Ivanhoe Mines Reports Q3 2024 Financial and Operational Highlights
Ivanhoe Mines has announced its financial and operational results for the third quarter of 2024, reporting Adjusted EBITDA of $160 million, down from $203 million in the second quarter of 2024. The company, a leading Canadian miner with major projects in Southern Africa, continues to advance its key operations, including the Kamoa-Kakula Copper Complex and the Kipushi zinc-copper-lead-germanium mine.

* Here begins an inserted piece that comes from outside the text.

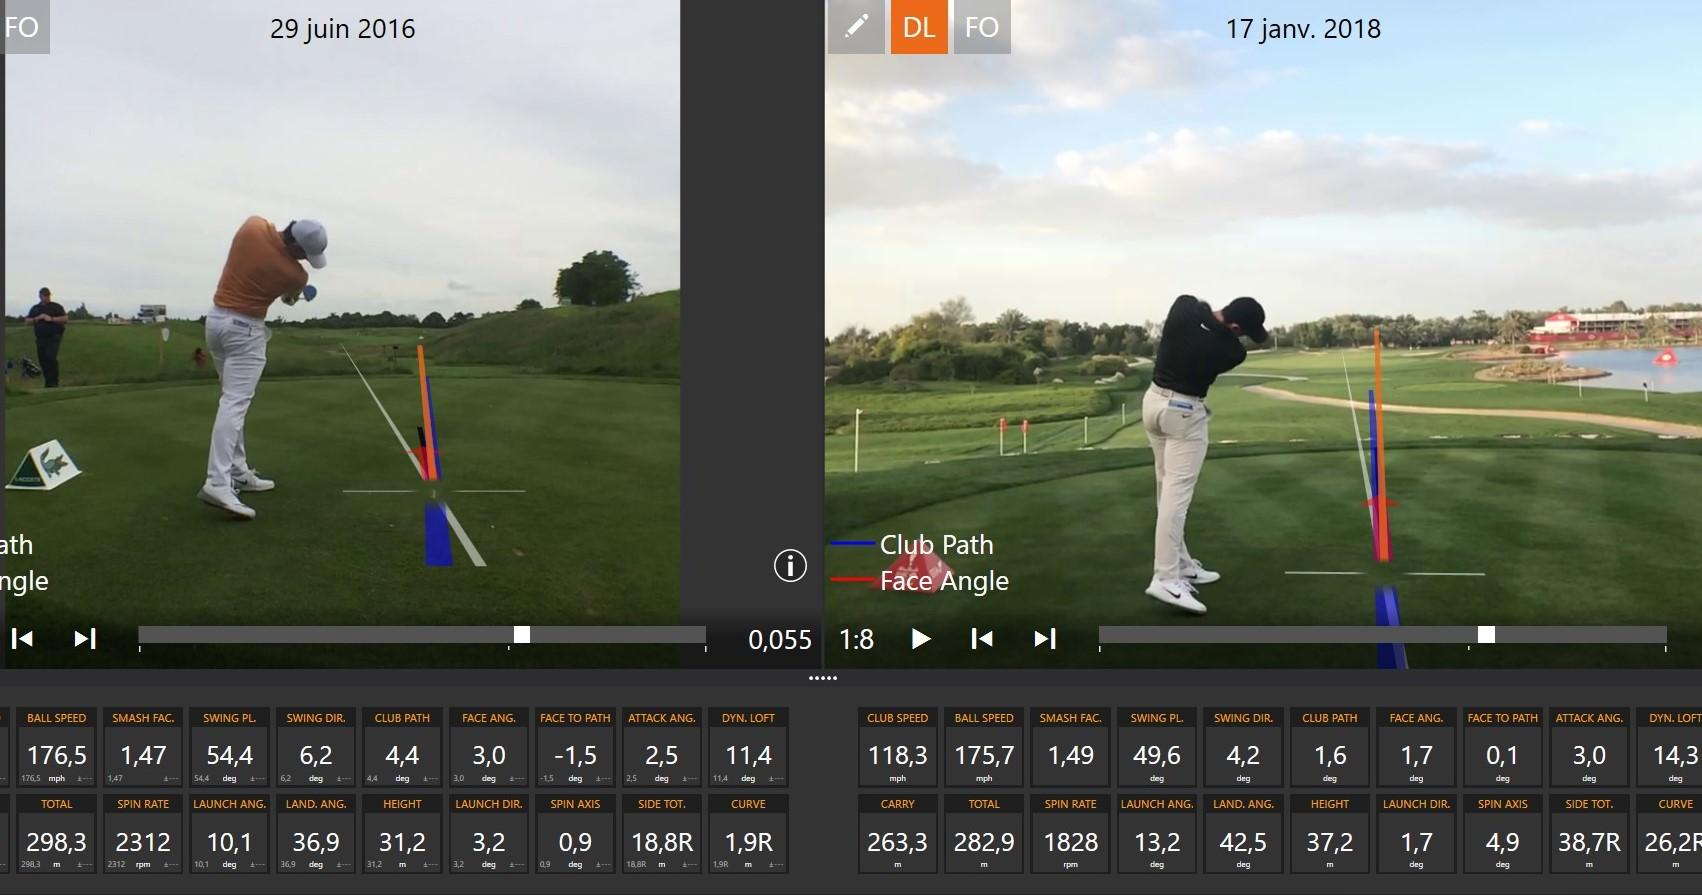 Entre ces deux drives, celui de gauche mesuré en 2016, et celui de droite mesuré en janvier 2018, on sait que Rory s'est fixé comme objectif de travailler sur l'augmentation de son angle de lancement.

The Kamoa-Kakula Copper Complex in the Democratic Republic of Congo (DRC) achieved record production of 116,313 tonnes of copper during Q3 2024, contributing to a total of 303,328 tonnes of copper produced year-to-date. In the same quarter, Kamoa-Kakula sold 103,106 tonnes of payable copper, generating record revenue of $828 million and an EBITDA of $470 million. The complex's quarterly cost of sales was $1.80 per pound of payable copper, with a C1 cash cost of $1.69 per pound, which increased due to the ongoing Phase 3 expansion.
The Kamoa-Kakula Phase 3 concentrator reached steady-state production after the end of the quarter, with milling rates regularly exceeding nameplate capacity. In addition, the construction of Africa's largest and greenest copper smelter at Kamoa-Kakula remains on track for completion by the end of this year, which is expected to materially improve profit margins once operational.
Kipushi, the high-grade zinc mine in the DRC, produced 17,817 tonnes of zinc in concentrate during its ramp-up phase in Q3 2024, and the export of concentrates has commenced. The concentrator at Kipushi is on schedule to achieve nameplate capacity in Q1 2025, with zinc recovery rates already exceeding 90% during the third quarter.
Ivanhoe Mines also reported a profit of $108 million for Q3 2024, consistent with Q3 2023 results. The company’s normalized profit for Q3 2024 stood at $112 million, compared to $95 million in Q3 2023. Ivanhoe maintains a strong balance sheet, with $180 million in cash and cash equivalents as of September 30, 2024, and anticipates strong cash flow from Kamoa-Kakula's operations to cover the remaining capital requirements for the Phase 3 expansion.